Я немного волновался, представляя, каково будет выступать перед собранием «настоящих» кристаллографов. Эти люди, в сущности, разработали метод, а я всего лишь пользовался им. К счастью, мое выступление прошло достаточно хорошо. Выступление Ады было назначено на утреннее заседание в понедельник, называвшееся «Макромолекулярные сборки»; там читался ряд захватывающих лекций о крупных и нетривиальных структурах. Его возглавлял Вим Хол, известный голландский ученый. Каждому докладчику выделили по 20–25 минут плюс примерно пять минут для ответов на вопросы. Основные обязанности ведущего были таковы: следить, чтобы докладчики укладывались во время, а вопросы не шли только от одного-двух человек.
Вначале Ада кратко напомнила об этапах своей деятельности, а затем описала полученные ею новые кристаллы целой рибосомы. Она подробно остановилась на том, как характеризовала их, и упомянула, что достигла разрешения до 2 ангстрем. Предъявленный ею дифракционный узор был потрясающим, во все стороны рассыпано множество пятен до самых краев фотографии. Мы просто не могли усидеть на месте, ожидая рассказа о том, что же она дальше с ними делала.
Большую часть своей лекции она описывала, как пыталась и далее характеризовать их, пока не огорошила нас анти-кульминацией: оказалось, что это не рибосомы, а посторонняя примесь – белок-энолаза! К тому моменту она уже с верхом исчерпала отведенный ей лимит времени, но Вим Хол не смог ее остановить. Она перешла к описанию реального прогресса, которого ей удалось достичь с кристаллами рибосом. Насколько мы могли судить, едва ли она вообще чего-то достигла с момента прошлогодней встречи в Виктории.
К тому моменту, когда она закончила, график конференции уже был сорван более чем на полчаса. Это вышло боком для Пола Сиглера из Йеля. Пол был настоящим научным гигантом. Он также начинал карьеру в LMB и за годы работы расшифровал множество очень важных структур, став одним из наиболее выдающихся структурных биологов своего поколения. Он был резким и уверенным человеком, славился своим горячим нравом и за словом в карман не лез. Как-то раз он разбил стеклянную панель в ксероксе, в гневе грохнув по ней рукой, в другой раз расколошматил выдвижной ящик стола.

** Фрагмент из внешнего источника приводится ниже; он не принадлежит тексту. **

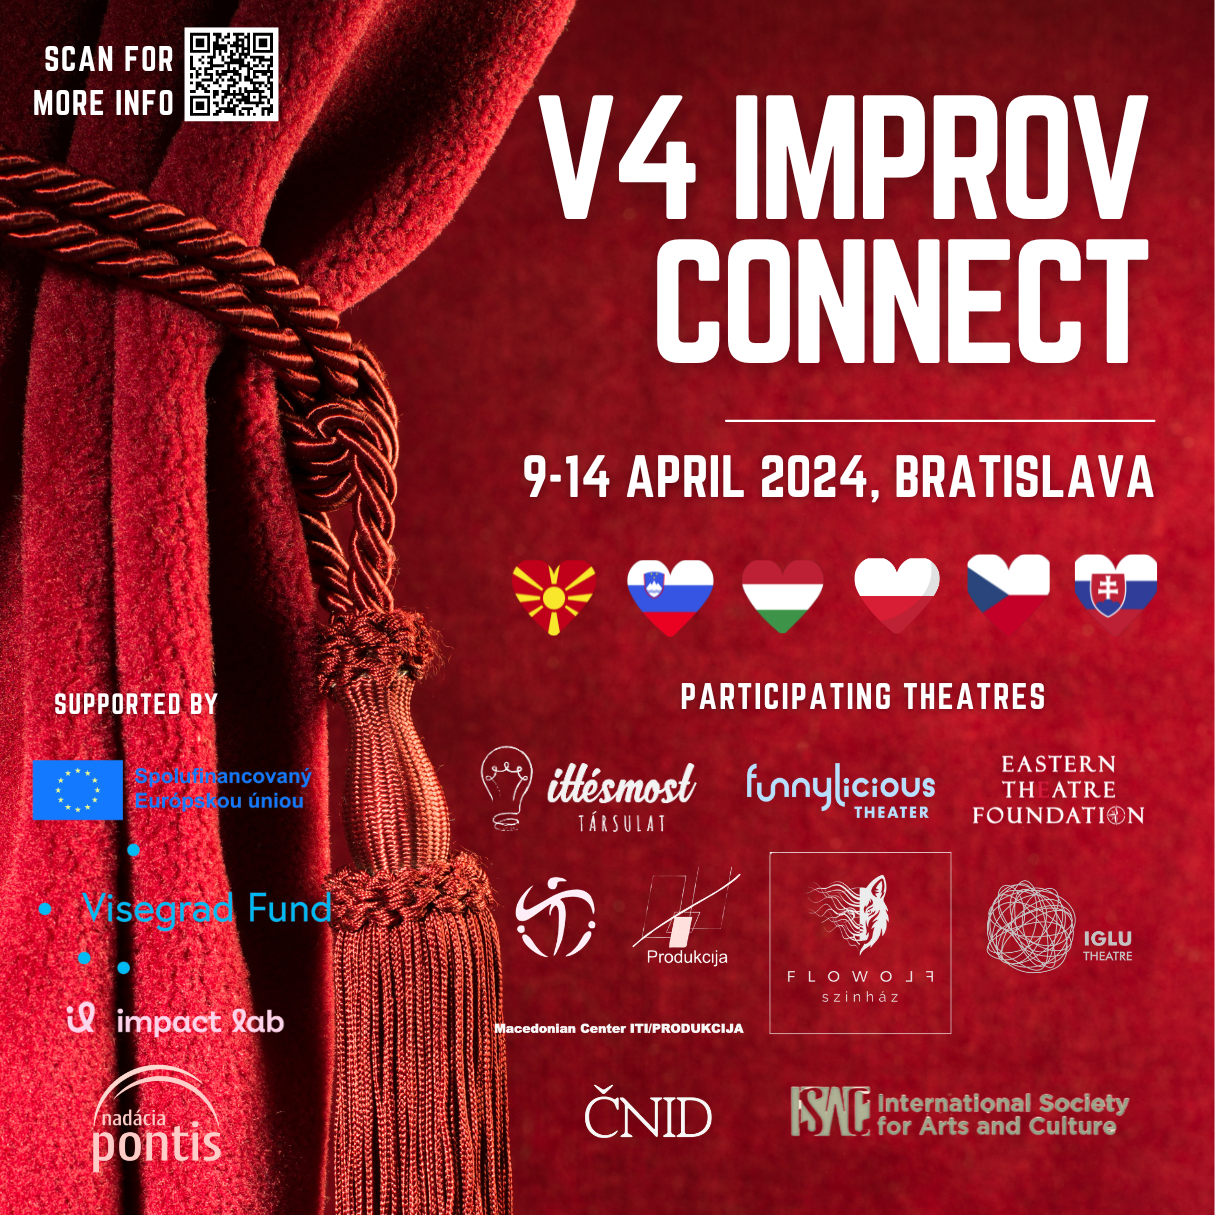 April 12, 2024: V4 Improv Connect: Friday Showcase

Однако он пользовался всеобщим уважением и восхищением.
Пола специально поставили в самый хвост заседания, чтобы он выступил замыкающим, так как в его лаборатории незадолго до того расшифровали структуру GroEL – крупного белкового комплекса, способствующего правильной свертке новоиспеченных белков после их выхода из рибосомы. Когда он поднялся на кафедру для выступления, кто-то из распорядителей подошел и сказал: «Сэр, пожалуйста, закругляйтесь и отойдите поскорее. У нас тут через несколько минут нобелевский лауреат выступать будет». Пол был взбешен. Нобелевским лауреатом оказался Ганс Дайзенгофер, который получил премию после нашей прогулки во время курсов кристаллографии. Всем нам нравился Дайзенгофер, но никто из нас не считал, что его выступление хоть чуточку ценнее лекции Пола.
У всех на устах на той конференции было имя Тома Стейца, широко известного кристаллографа и коллеги Питера Мура по Йелю, который вместе с Питером когда-то начинал исследовать структуру рибосомы. Сначала Том поступил в Университет Лоуренса в родном штате Висконсин, затем учился в аспирантуре Гарварда под руководством Билла Липскомба, знаменитого химика, бывшего одним из первых американских специалистов по кристаллографии белков. Там он повстречал свою будущую жену Джоан, которая занималась исследованием рибосом в лаборатории Джима Уотсона.
Сегодня Джоан – одна из ведущих биологов-молекулярщиков в мире. Сначала она попыталась поработать над кандидатской в Гарварде под руководством одного известного цитобиолога, но он отказал ей под предлогом: «Вы же дама. Что делать, если вы выйдете замуж и заведете детей?» Она едва смогла сдержаться и разрыдалась, как только вышла из его кабинета. К счастью, Уотсон без колебаний взял ее на работу к себе в лабораторию, и было это в один из самых интересных периодов на заре исследования рибосом.